Advanced Trigger Capture Mode Sequence
The control register 0x0e, bit 13:12 input capture status,
should be in IDLE. Set 0x06, bit 15, input memory capture
mode to ADVANCE to signify an advanced trigger capture.
0x06, bits 14:0 set the input trigger delay counter to = 0x56
signifies there are 86 points captured after the occurrence of
the trigger point, 0x0e, bit 10:0, input trigger position and all
other points are captured prior to trigger point. Note: only the
11 lsbs are valid for the delay capture in this mode. The input
trigger position is a read-only register and adding to it the 11
lsbs of the input trigger delay counter determines the
position of the final data point captured after the trigger. If the
input trigger position is 0x1ff, the final point captured
occurred at address: 0x1ff + 0x56 = 0x255 or 597 (decimal).
The user must set the input trigger delay counter prior to
invoking the transaction of the capture.
The user invokes the capture mode register by writing
CAPTURE to 0x07, bit 1:0 input memory mode. The system
is in the advanced trigger capture mode and 0x0e, bits
13:12, input capture status is ARMED. The system waits for
a trigger as the memory is continuously being written into.

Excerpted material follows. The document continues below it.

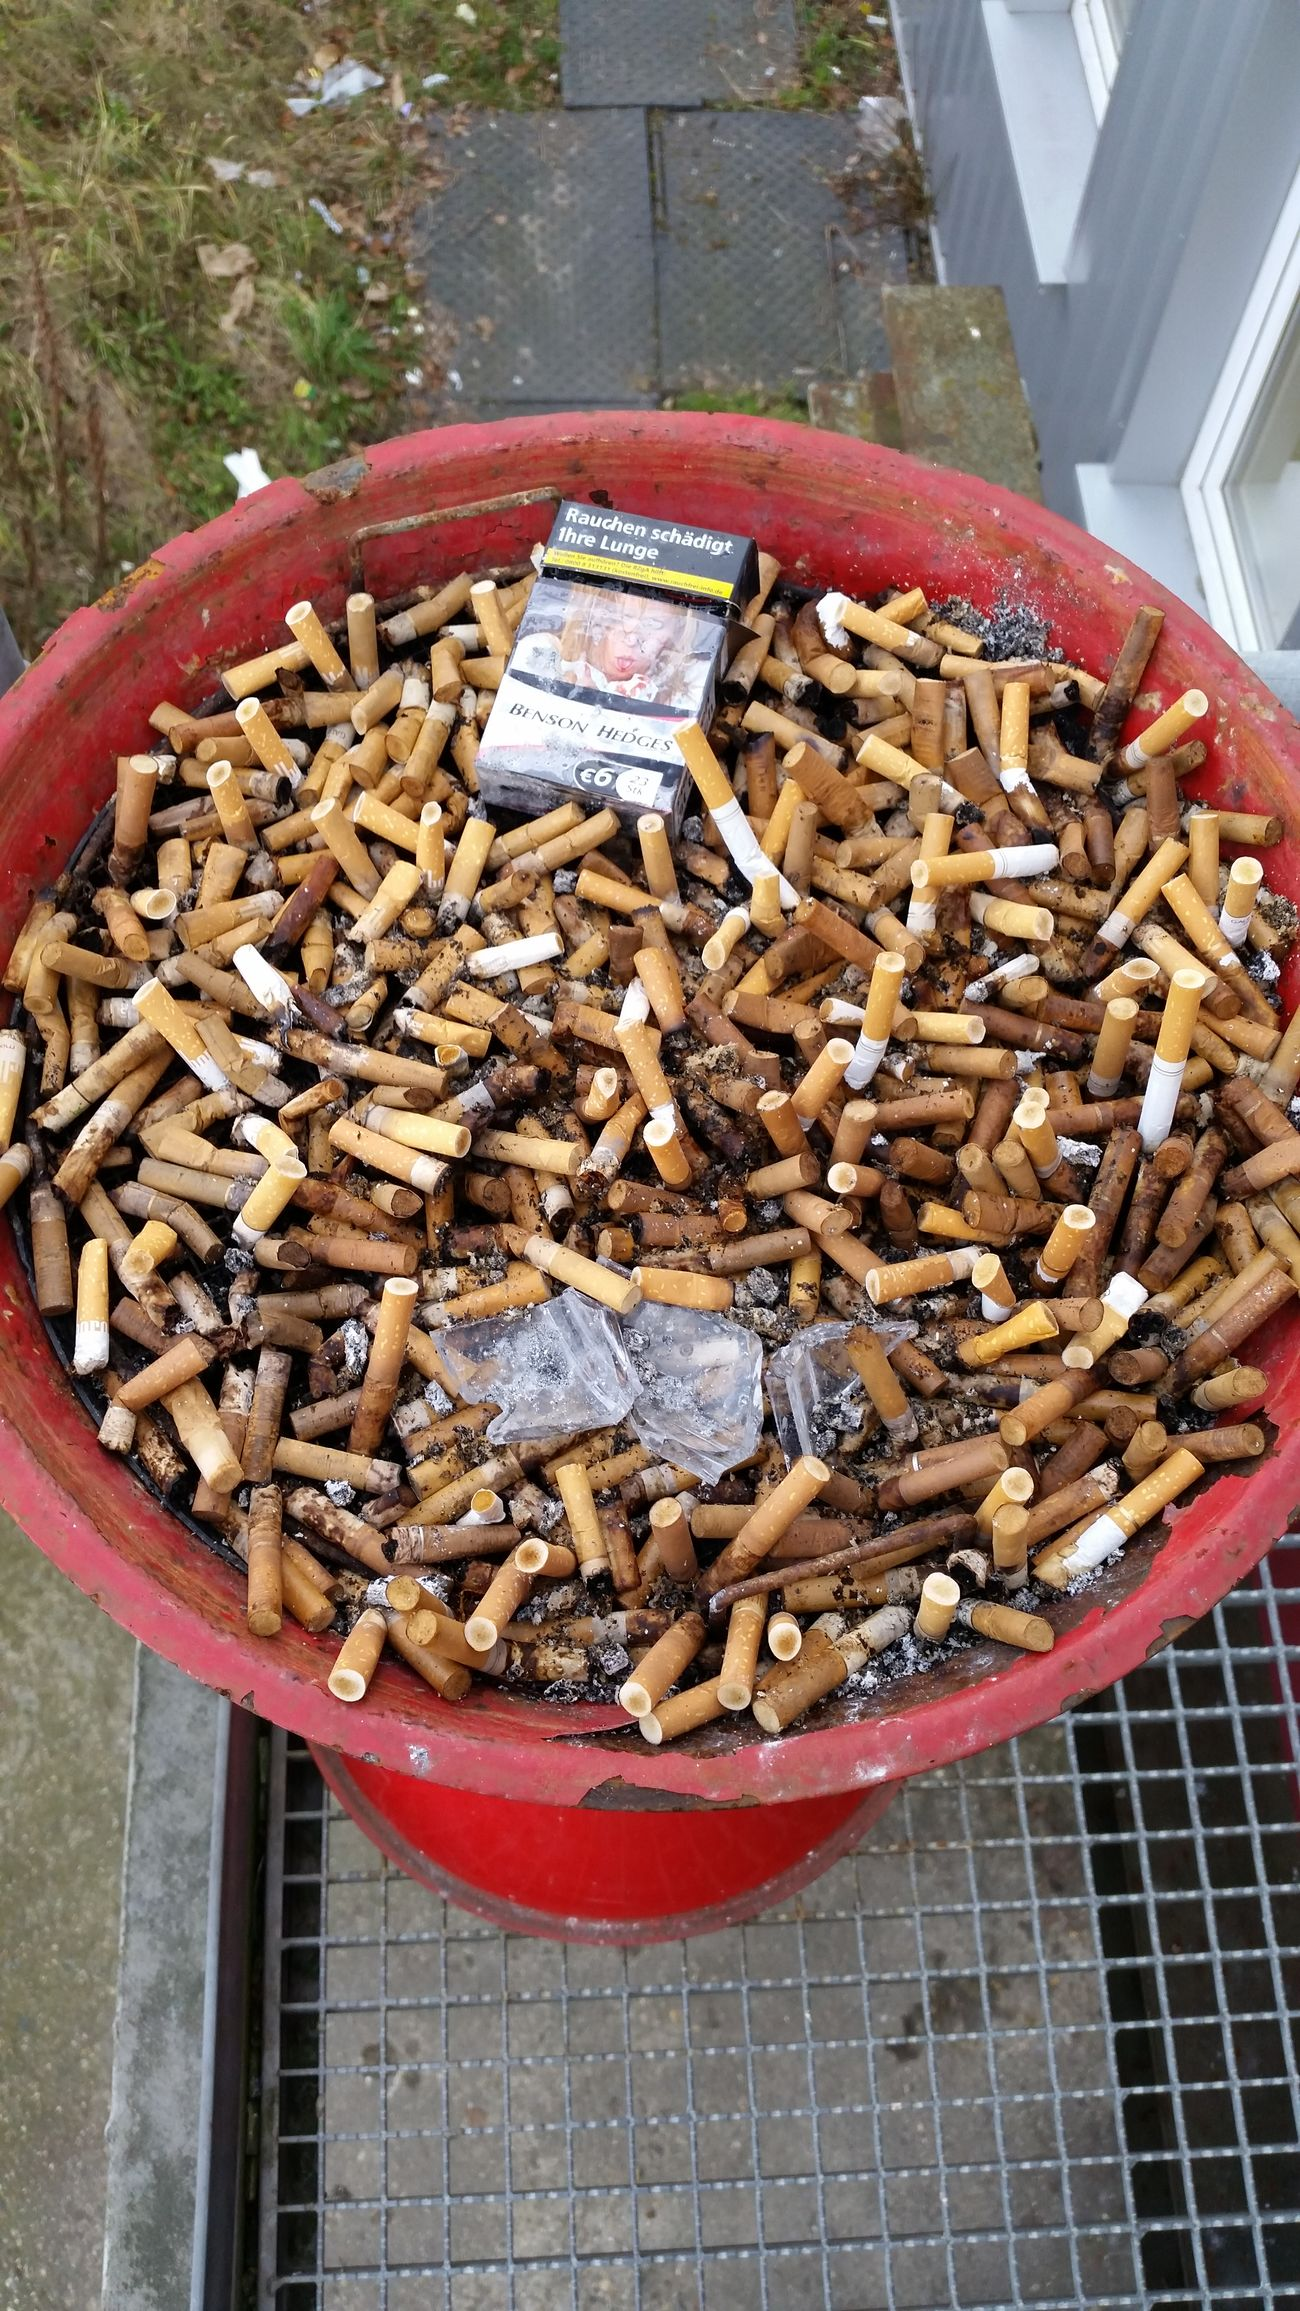 No smoke .... Aschenbecher Zigarettenstummel Pausenplatz Raucherecke Raucherzone Umweltverschmutzung

When a trigger occurs, the trigger causes the memory to
load the data till the memory address is equal to input trigger
position + 11 lsbs of the input trigger delay counter. The
memory address that is time coincident with the trigger
occurrence latches to the input trigger position. During this
period, the input capture status is LOADING. When the final
capture point loads, the input capture status returns to IDLE
and a new capture transaction can be initiated by writing
CAPTURE to the input memory mode.
11
Single/Capture Mode
The sequence for the single shot stimulus mode, input
memory mode = SINGLE, and input memory capture mode
= CAPTURE with input capture mode = DELAY are the
identical. The function of the memory reading or writing
provides the difference between the two modes. In the single
shot case, the capture memories read data to the output
bus, and in the capture mode, they write data to the
memories. The sequence of operation in the Single/Capture
mode is described below.
The input capture status should be in IDLE and the input
memory capture mode in DELAY with the input memory
delay counter set to 0x0056. Note: The 15 LSBs of the input
memory delay counter are valid for the delay count in this
mode. After the trigger, Ox56 signifies there are 86 counts of
delay before the start of the capture/send of data to/from the
memory.
The user invokes the capture mode by writing the input
memory mode to CAPTURE. The system is in the capture
mode and the input memory status is ARMED. The system
waits for a trigger and the memory is idle at this point. When
a trigger occurs, the trigger causes the delay counters to
count 86 clocks of delay. At the end of the delay, the
memories begin their writing sequence until input memory
length data points are written. During the writing of data, the
input memory status is LOADING. When the final input
memory length point is written, the input memory status
returns to IDLE and a new capture transaction can be
initiated by writing CAPTURE to the input memory mode.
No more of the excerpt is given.